The life of the regiment went on its normal course. Fierce fighting on the Taman Peninsula continued. We had to fly combat missions several times a day, and most of the time we flew towards targets over the waters of the Black and Azov Seas.
I’d feared water since childhood and had always been a bad swimmer. And it seemed to me sometimes when flying over the sea that the engine was playing up. In case of emergency we had been issued with lifebelts but the airmen didn’t believe they would save us if we ditched on water. But I, like a drowning man clutching at a straw, would put the belt on without fail, to the jokes and laughter of my comrades, meticulously adjusting it to my figure.

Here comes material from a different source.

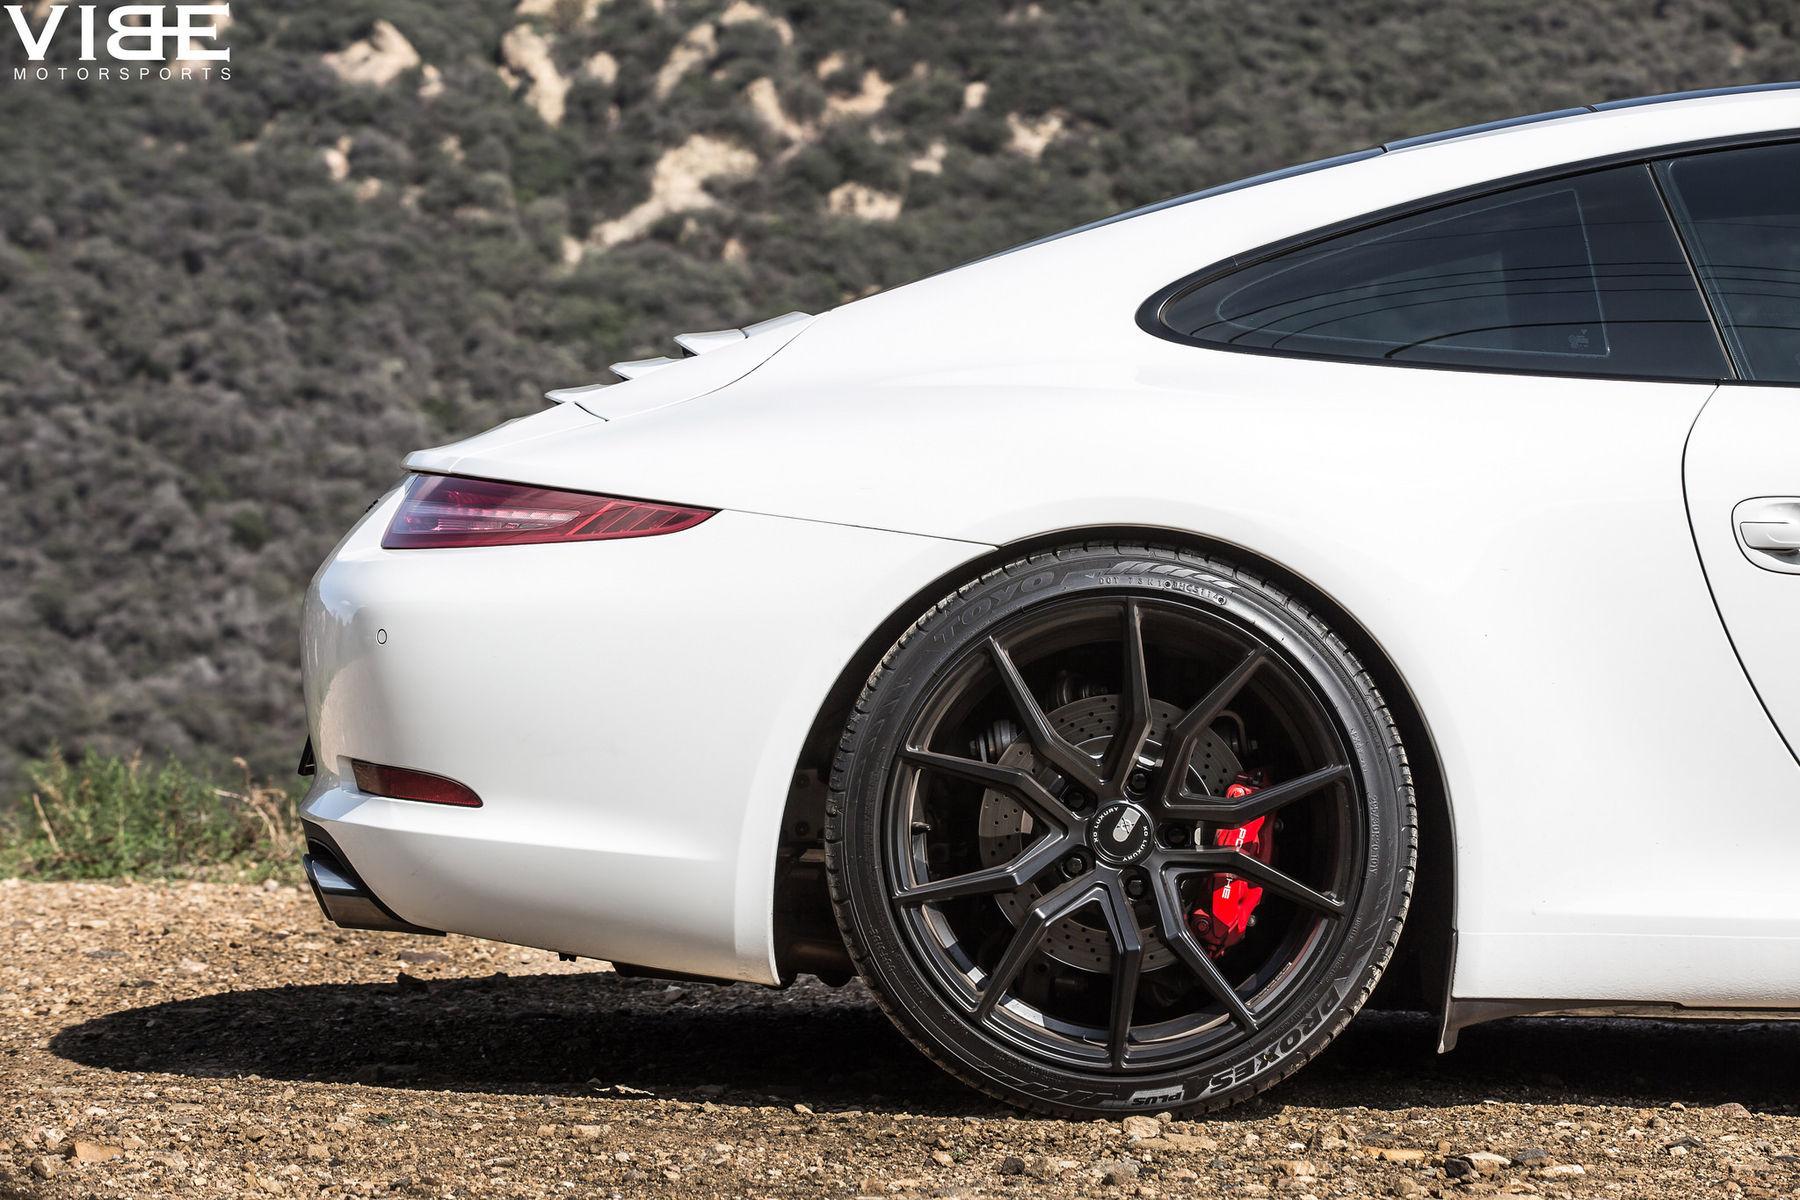 2014 Porsche 911 | Porsche 911 Carrera on 20

Of course by modern standards our lifebelts were far from perfect. Judge for yourself: when a shot-down plane falls into the sea, a pilot has to manage to open the cockpit, to bail out, then open the parachute and the valve on the life belt and wait until it filled up with gas produced by the contact of some chemical substance in it with water. And if the belt didn’t fill with gas, what then? That was why the airmen didn’t believe in the lifebelts. But when put on, it had a positive psychological effect on me, and therefore I paid no attention to the guys’ good-natured joking.
The regimental favourite Borya Strakhov didn’t come back after a sortie onto the Choushka Spit. A day later some seamen brought his body to our place and said it had been washed ashore near Anapa. We buried him with a Division lined-up, with all military honours in the Stanitsa of Dzhigitskaya. Airmen were rarely buried during the war because they usually died where the action was. I stood next to the coffin of Boris, wept bitterly and could not believe he was dead. It seemed he would get up any minute, look around with his grey-green eyes, twist his non-existent moustache and ask: “What are they taking girls to war for?” and would hand me a field flower. He used to do that often.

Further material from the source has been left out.